装载艾塞那肽聚合物纳微球口服给药系统的研究
本文选题:艾塞那肽 + 口服给药 ; 参考:《烟台大学》2014年硕士论文
【摘要】:蛋白多肽类药物口服给药系统具有很好的患者顺应性,但口服给药始终存在生物利用度低的难题。本研究采用快速膜乳化技术,制备粒径均一的载艾塞那肽(Exenatide)的PLGA/SA纳微球用于口服给药的研究。在PLGA(Poly(lactic-co-glycolic acid))中复配一定量的硬脂胺(Stearylamine, SA),使纳微球带有正电荷,既可以降低载药纳微球的突释效应,获得平稳的缓慢释放,又可以通过静电作用延长纳微球在体内的滞留时间,有利于Exenatide的口服吸收,提高口服生物利用度;进一步在纳微球表面进行聚乙二醇(Poly(ethyleneglycol),PEG)和CSKSSDYQC (CSK)多肽的双修饰:PEG链的修饰可以使纳微球穿透粘液层,到达肠道上皮细胞表面;CSK多肽与肠道杯状细胞具有很好的亲和性,可以改善载体跨肠道粘膜层的转运效率,进一步提高口服生物利用度。

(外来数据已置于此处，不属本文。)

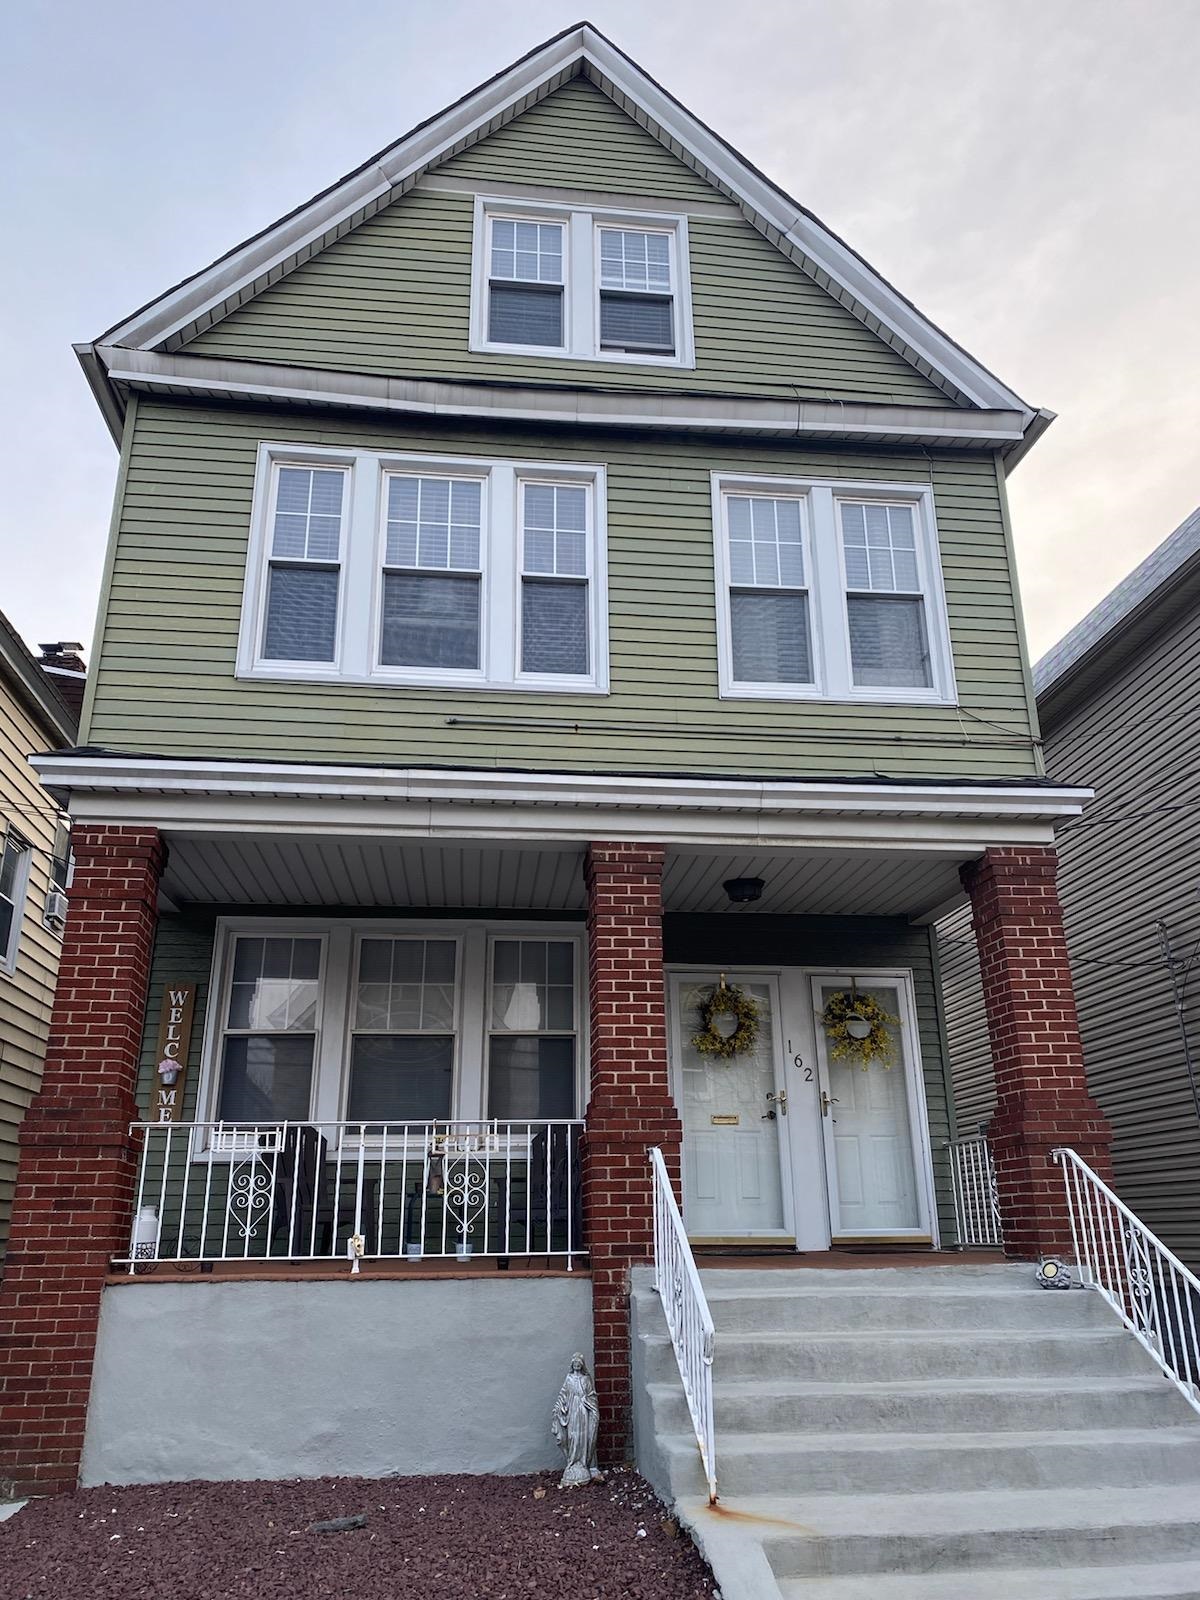 # 240008128 - For Rent in Bayonne NJ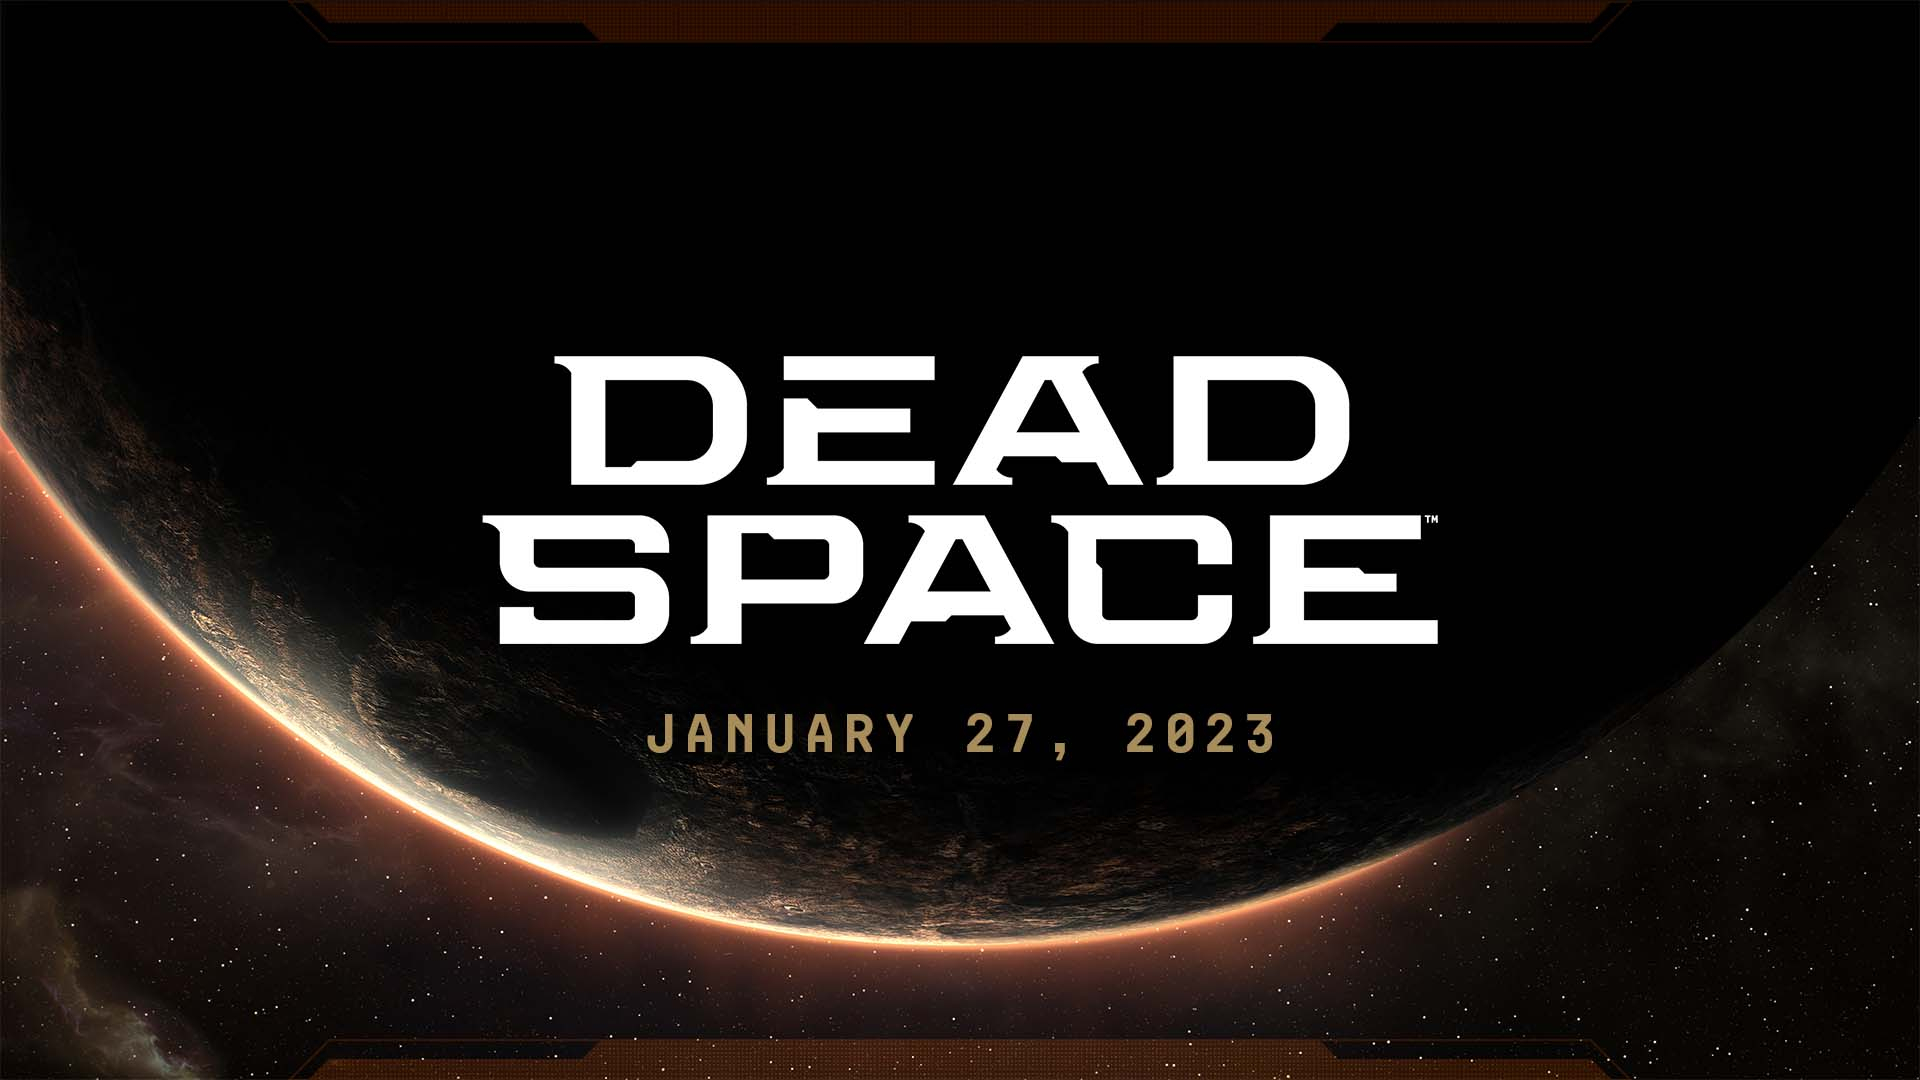     Dead Space          27

本文主要分为以下三个部分: 第一部分采用快速膜乳化技术结合溶剂挥发法制备PLGA/SA纳微球。通过优化固化温度、超声功率、SA比例、PLGA分子量、内水相NH4HCO3的浓度等因素,制备出Exenatide的装载量4%、包埋率和累积释放率均达到80%以上带正电荷的纳微球。与带负电荷的PLGA纳微球相比,口服给药后,,带正电的PLGA/SA纳微球能够更好地促进小肠对Exenatide的吸收,获得了更好的降血糖效果。 第二部分采用超声结合快速膜乳化的方法制备出粒径分别为300nm、1μm和4μm的PLGA/SA纳微球,比较不同粒径对Exenatide口服吸收的影响,体外细胞实验和体内动物实验均表明,1μm的PLGA/SA纳微球透膜效果、口服生物利用度和降血糖效果均最好。 第三部分通过PEG和CSK多肽的修饰,制备出了靶向杯状细胞的PLGA/SA-PEG-CSK纳微球。PEG的引入不仅延长了纳微球在体内的停留时间,也提高了Exenatide的口服生物利用度和降血糖效果;CSK多肽的引入通过纳微球与杯状细胞的特异性结合,促进小肠对纳微球的吸收,进一步提高Exenatide的口服生物利用度和降血糖效果。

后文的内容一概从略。